**Excerpted records:**
--------------------------------

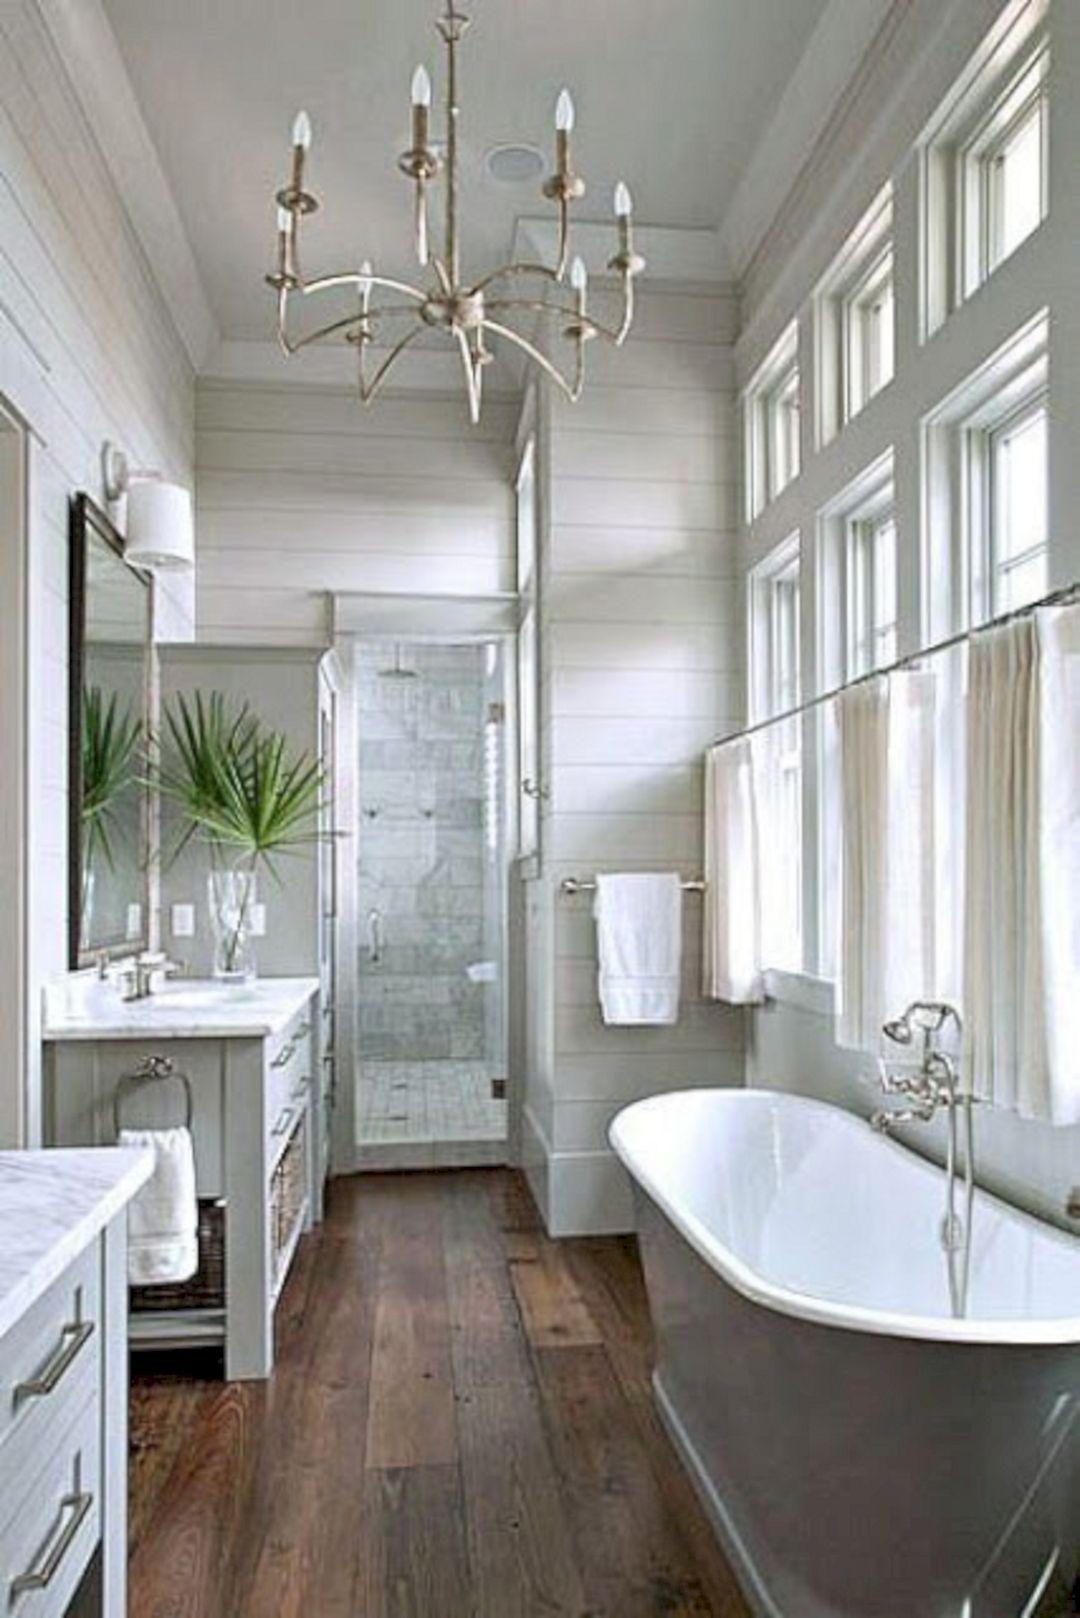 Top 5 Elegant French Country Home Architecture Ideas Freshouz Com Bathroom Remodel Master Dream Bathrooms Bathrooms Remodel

--------------------------------

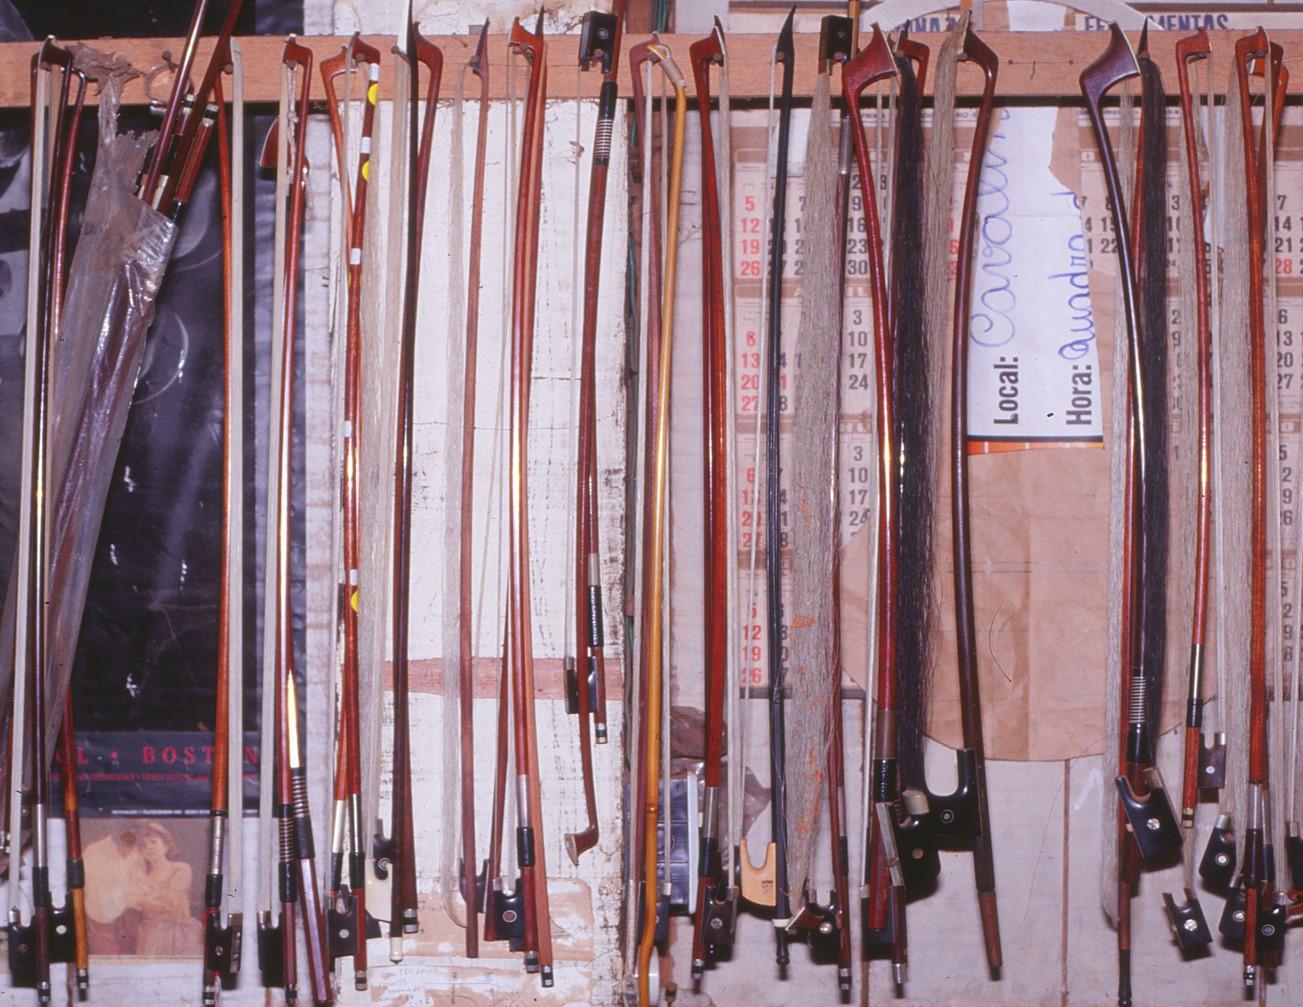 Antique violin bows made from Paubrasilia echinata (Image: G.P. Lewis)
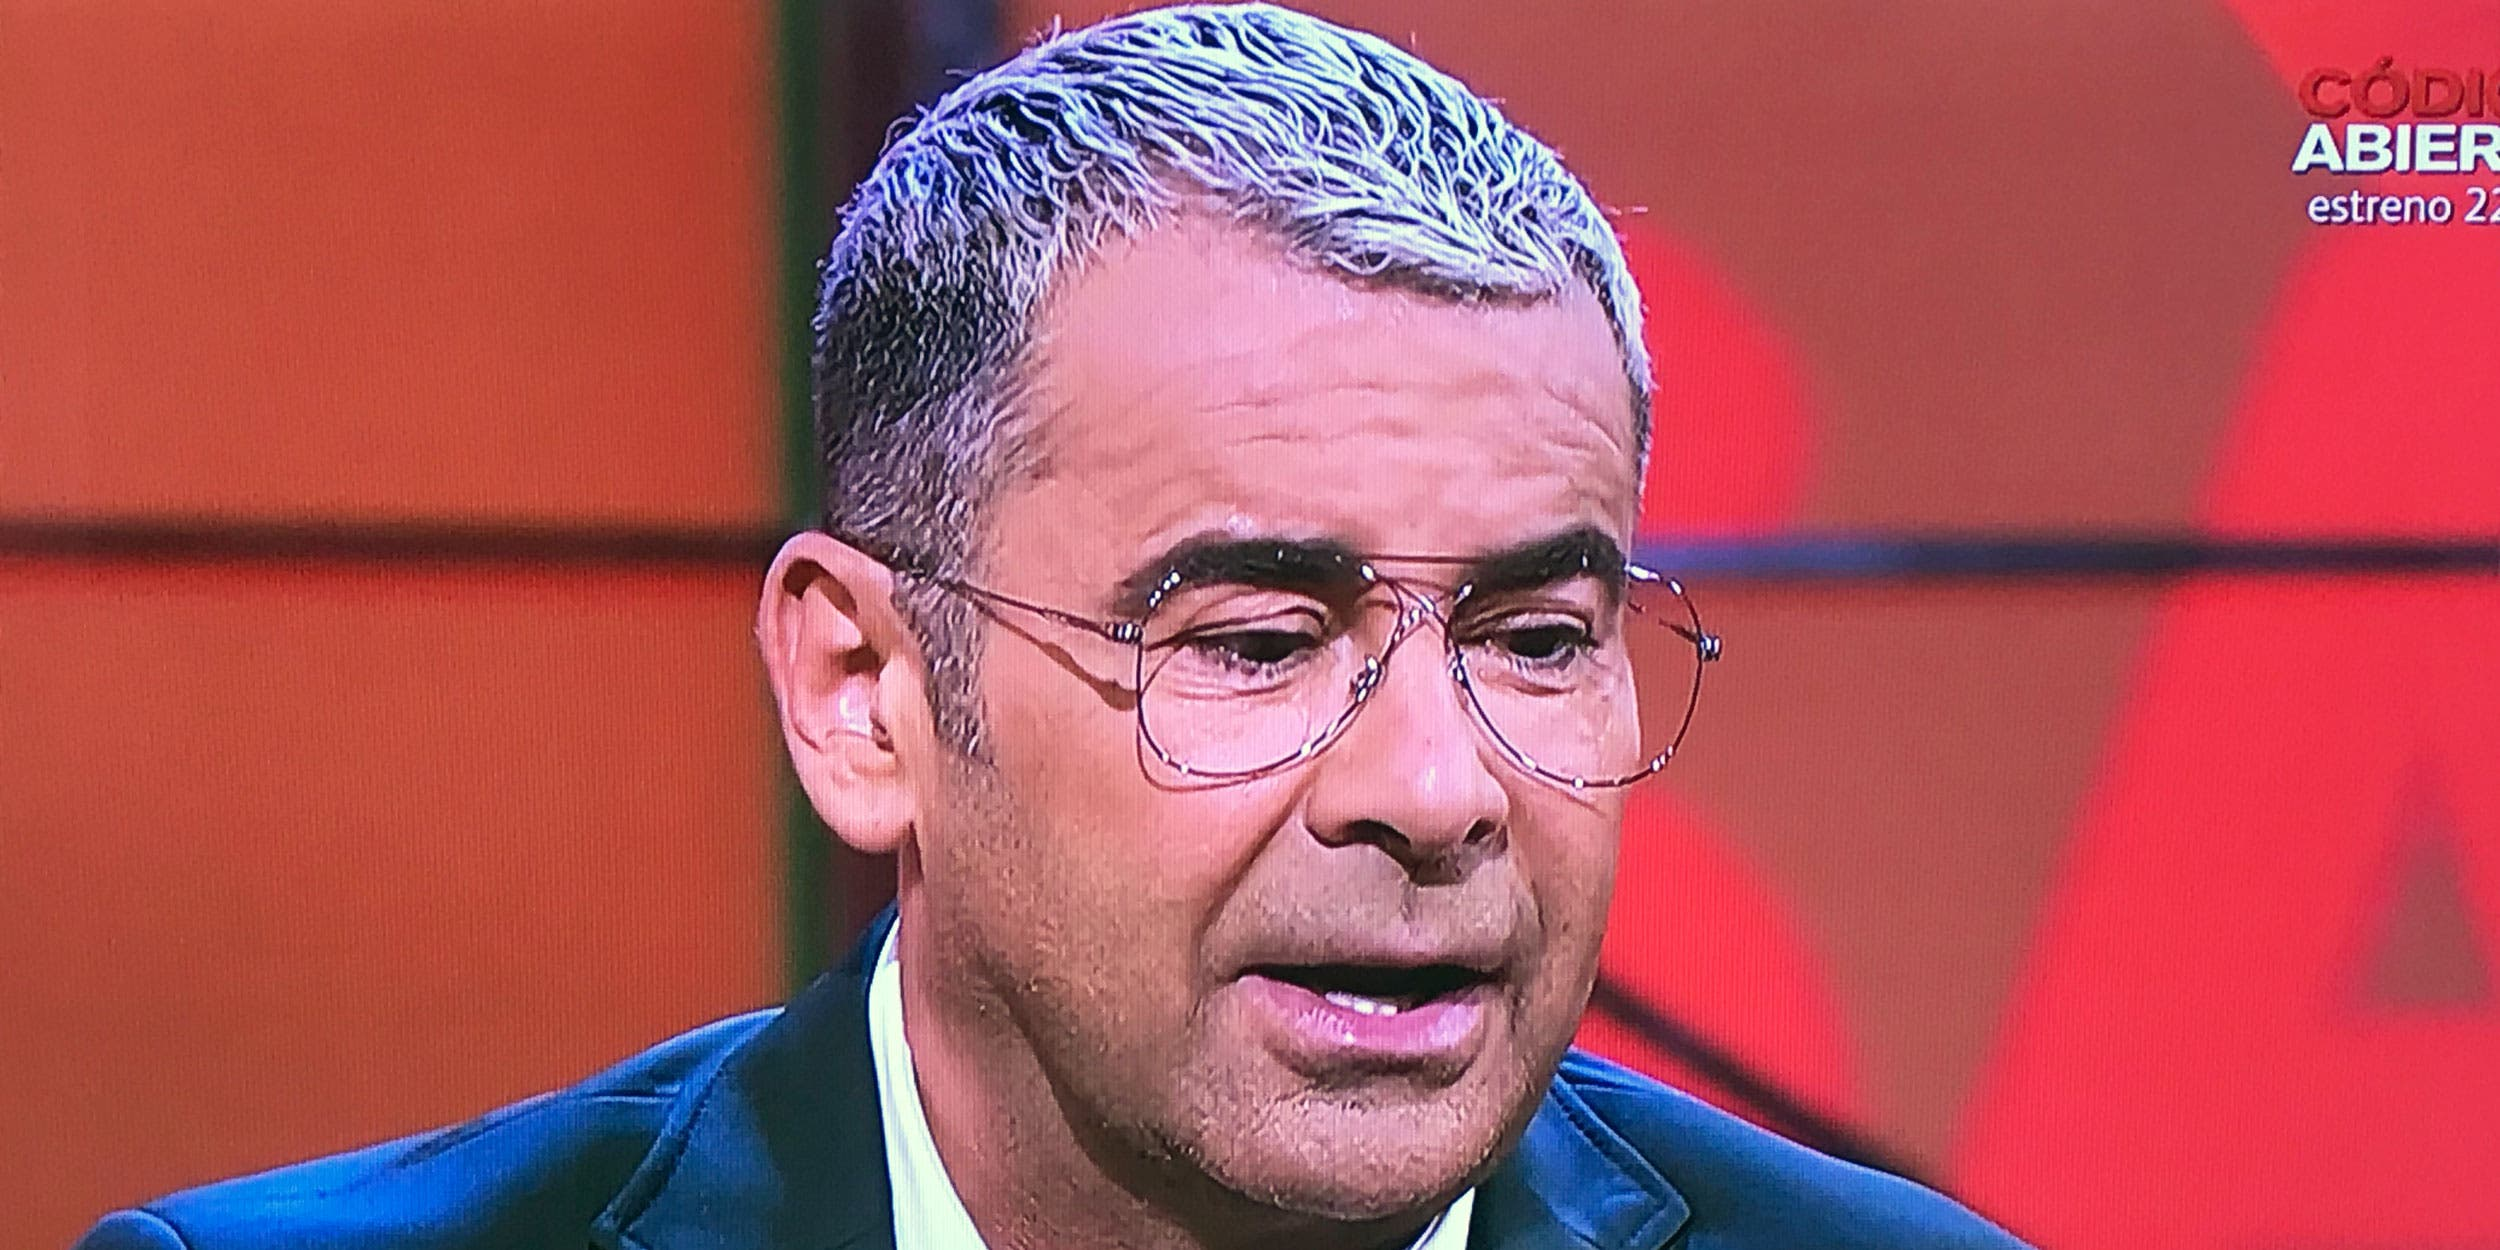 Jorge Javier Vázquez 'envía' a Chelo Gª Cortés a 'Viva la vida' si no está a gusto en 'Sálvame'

--------------------------------

**What is expected:** In the listing above, find the line with "Antique violin bows" and the line with "Jorge Javier Vázquez". Copy both of them and every line between, exactly, but not the pictures.

**Solution to this problem:**
 Antique violin bows made from Paubrasilia echinata (Image: G.P. Lewis)
 Jorge Javier Vázquez 'envía' a Chelo Gª Cortés a 'Viva la vida' si no está a gusto en 'Sálvame'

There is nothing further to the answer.